TRY IT: Skip the pictures and copy all the data that follows exactly.

INFORMATION PROVIDED:
Segment Open

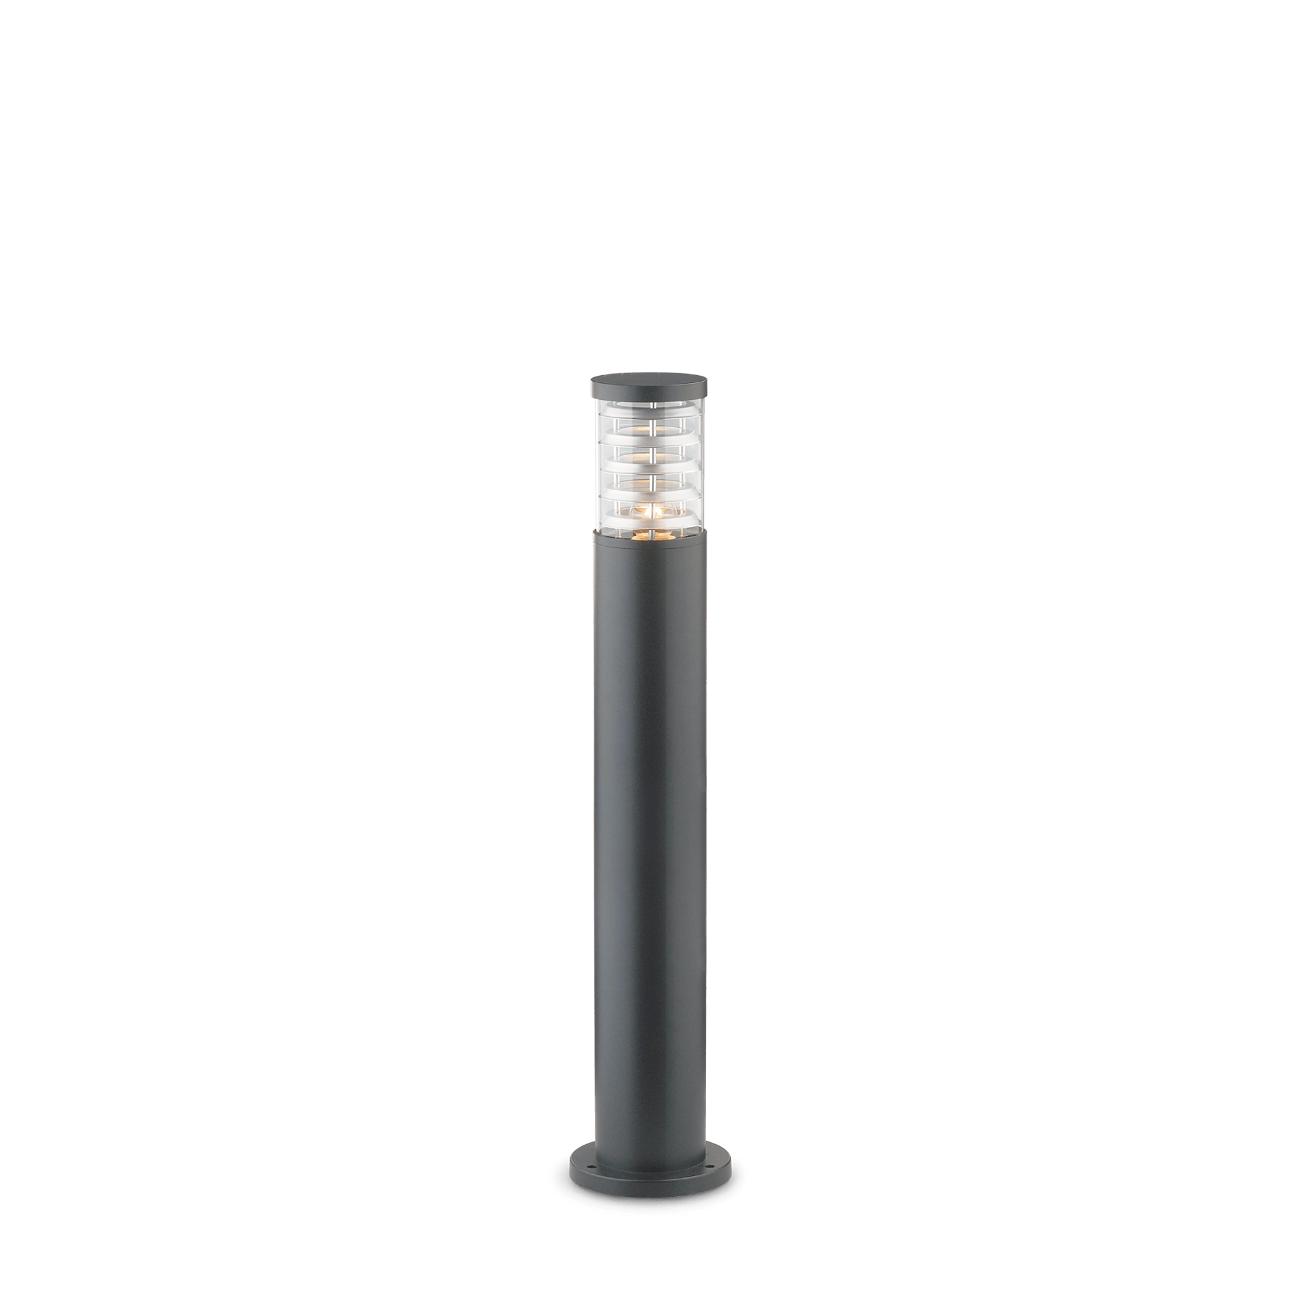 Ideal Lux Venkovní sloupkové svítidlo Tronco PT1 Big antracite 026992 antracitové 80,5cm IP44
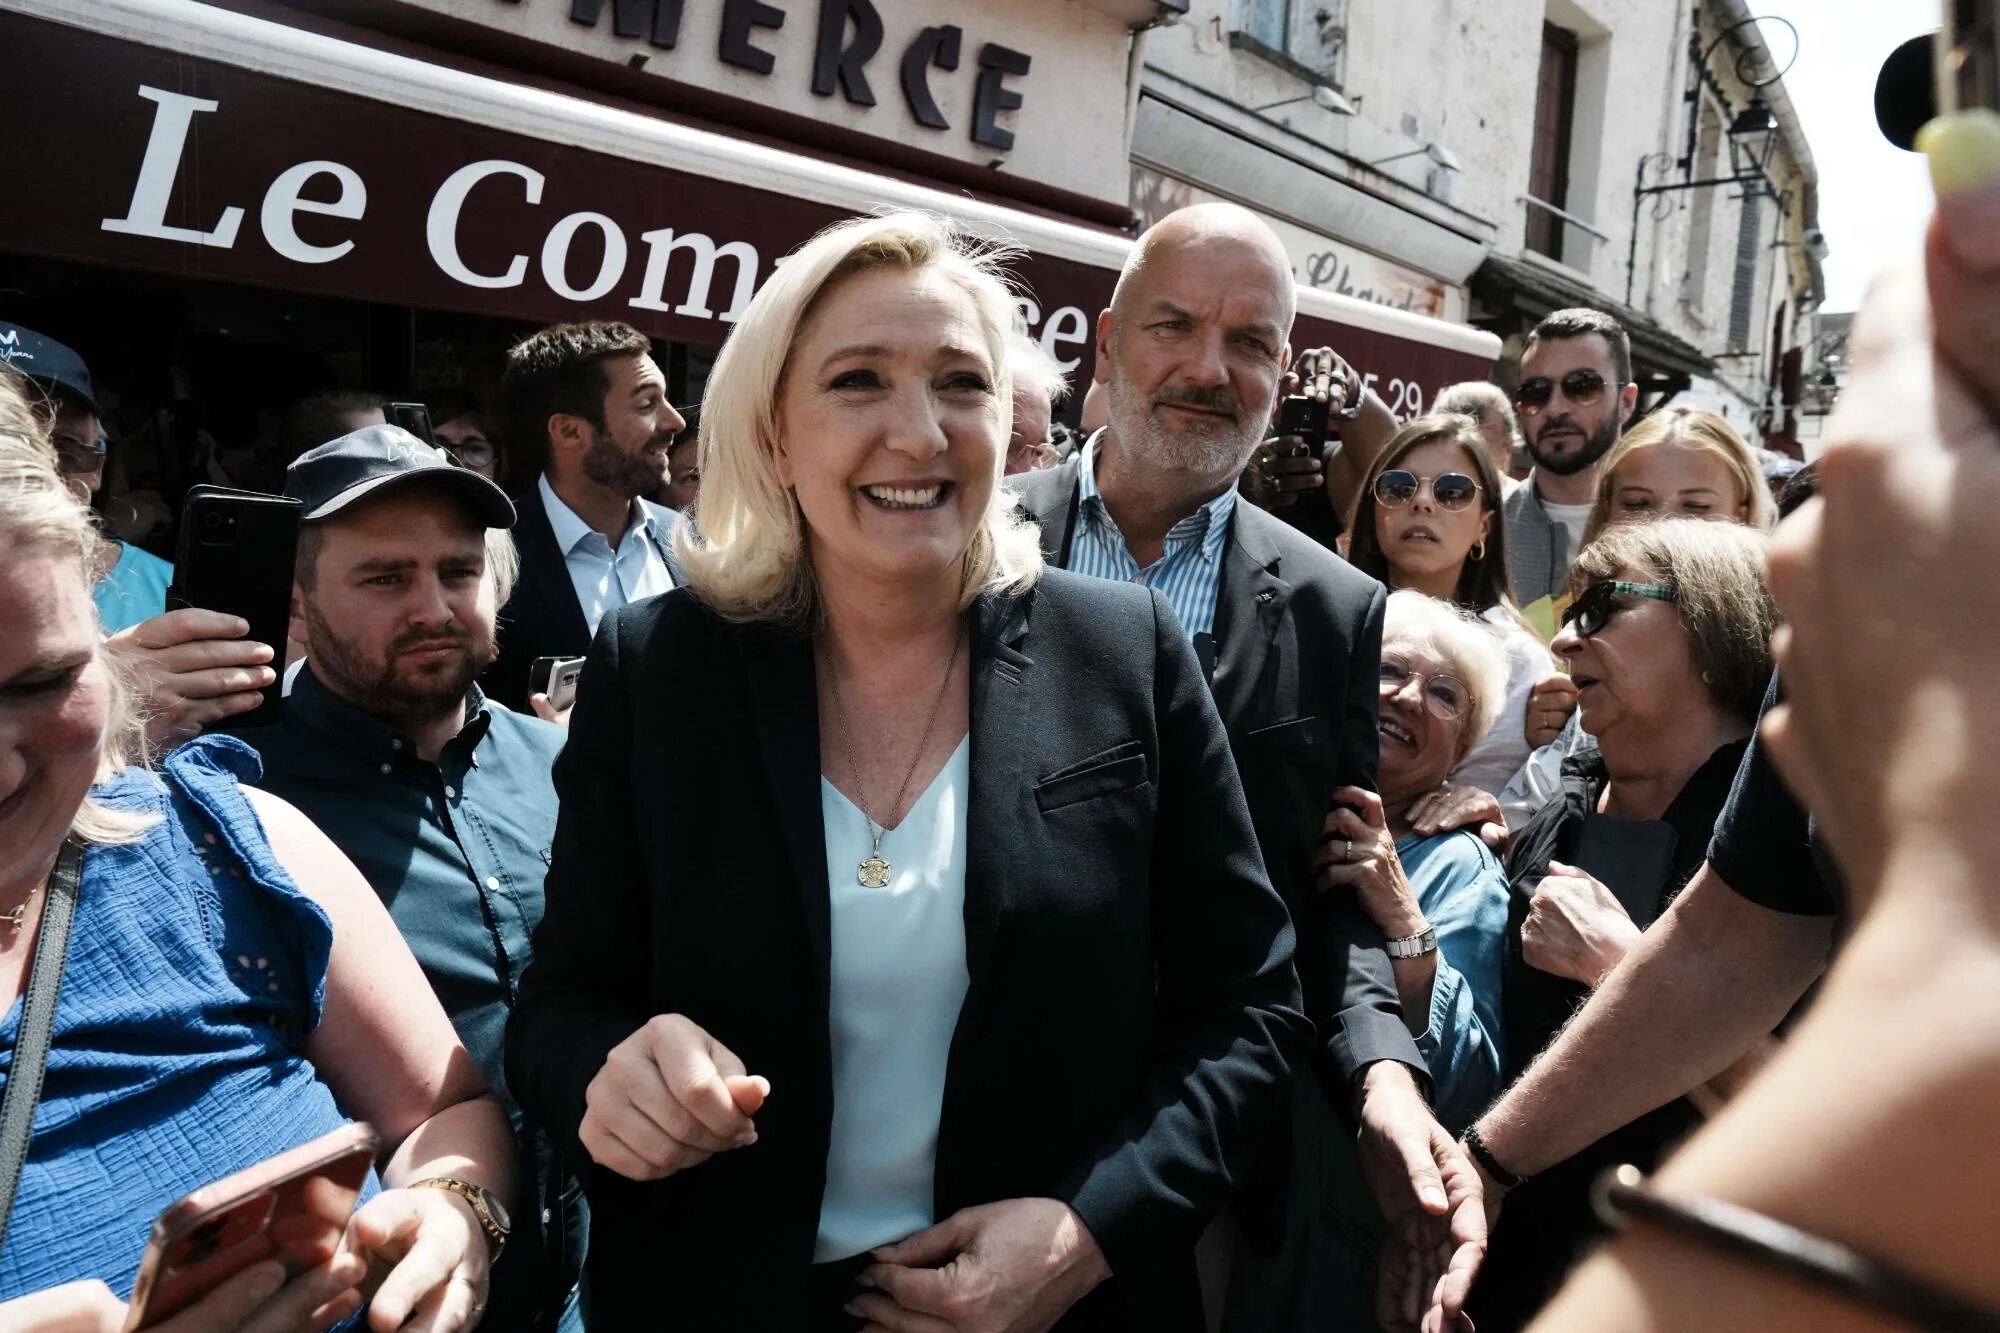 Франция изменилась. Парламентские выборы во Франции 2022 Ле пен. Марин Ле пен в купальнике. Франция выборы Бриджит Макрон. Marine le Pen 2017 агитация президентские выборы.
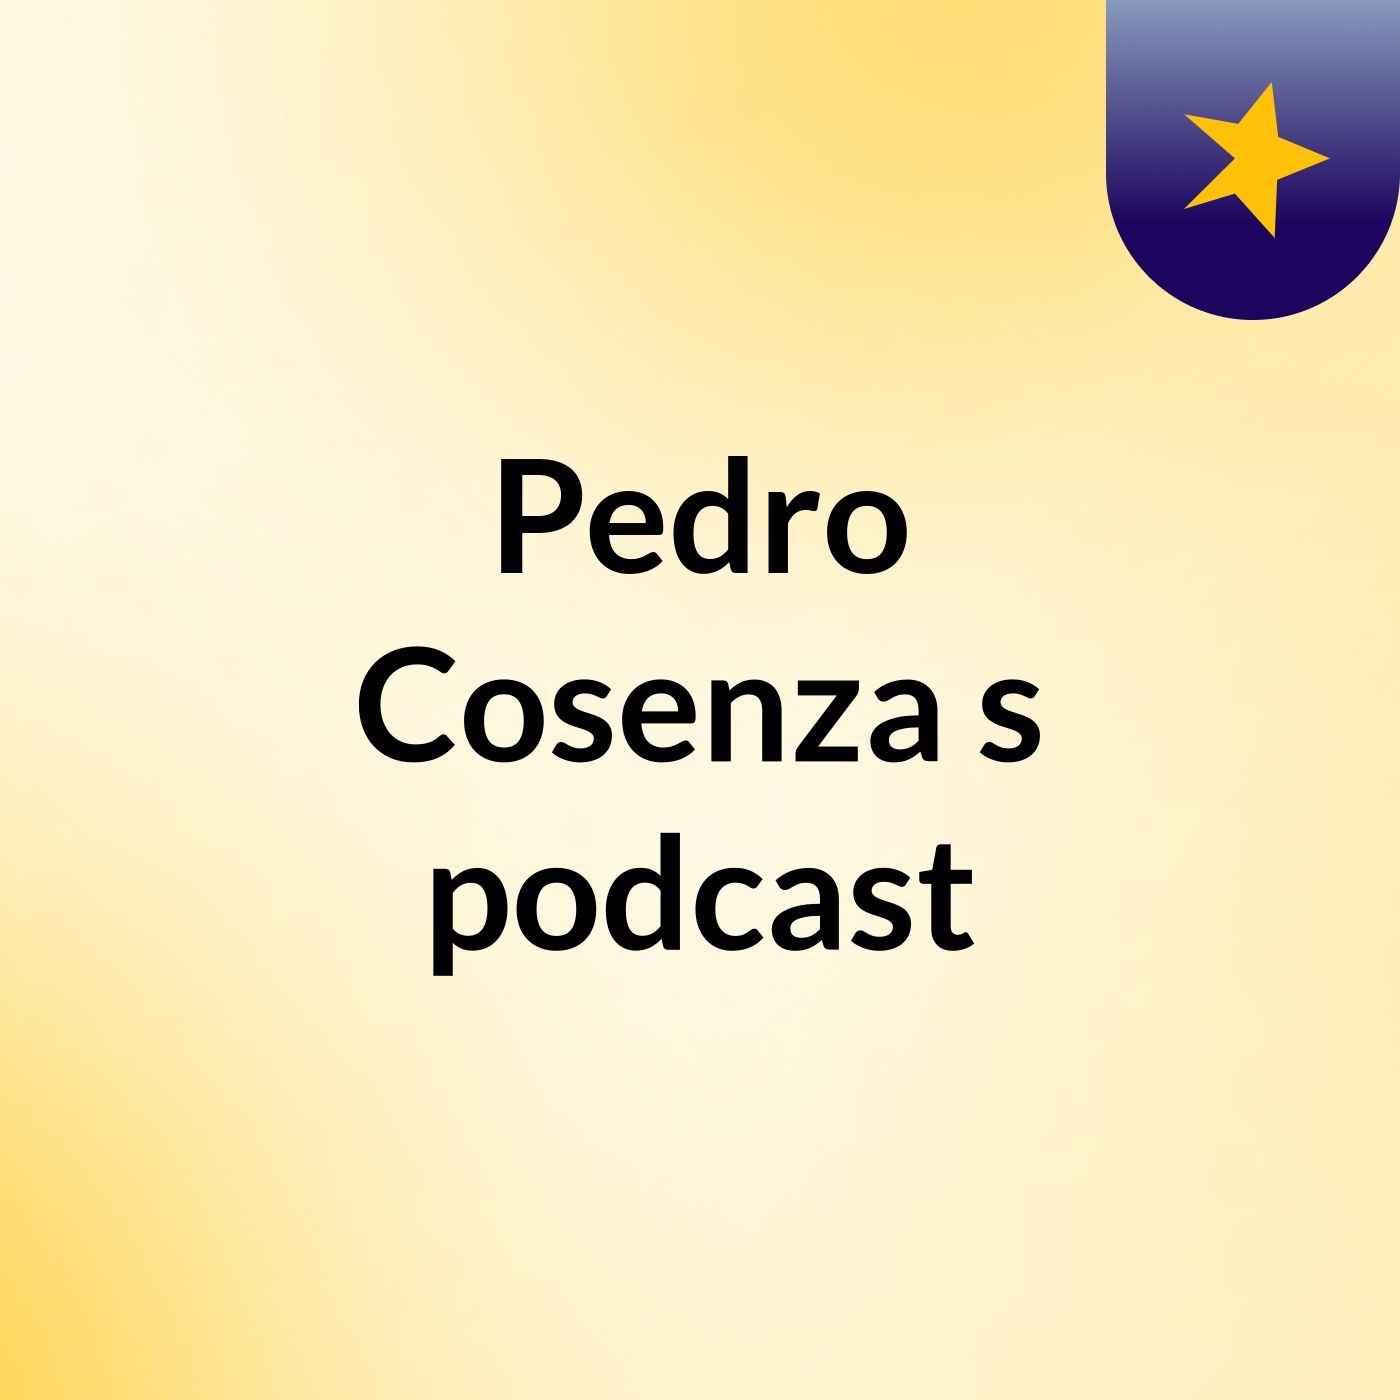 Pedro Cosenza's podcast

Segment Closed

FINISHED EXERCISE:
 Ideal Lux Venkovní sloupkové svítidlo Tronco PT1 Big antracite 026992 antracitové 80,5cm IP44
 Франция изменилась. Парламентские выборы во Франции 2022 Ле пен. Марин Ле пен в купальнике. Франция выборы Бриджит Макрон. Marine le Pen 2017 агитация президентские выборы.
 Pedro Cosenza's podcast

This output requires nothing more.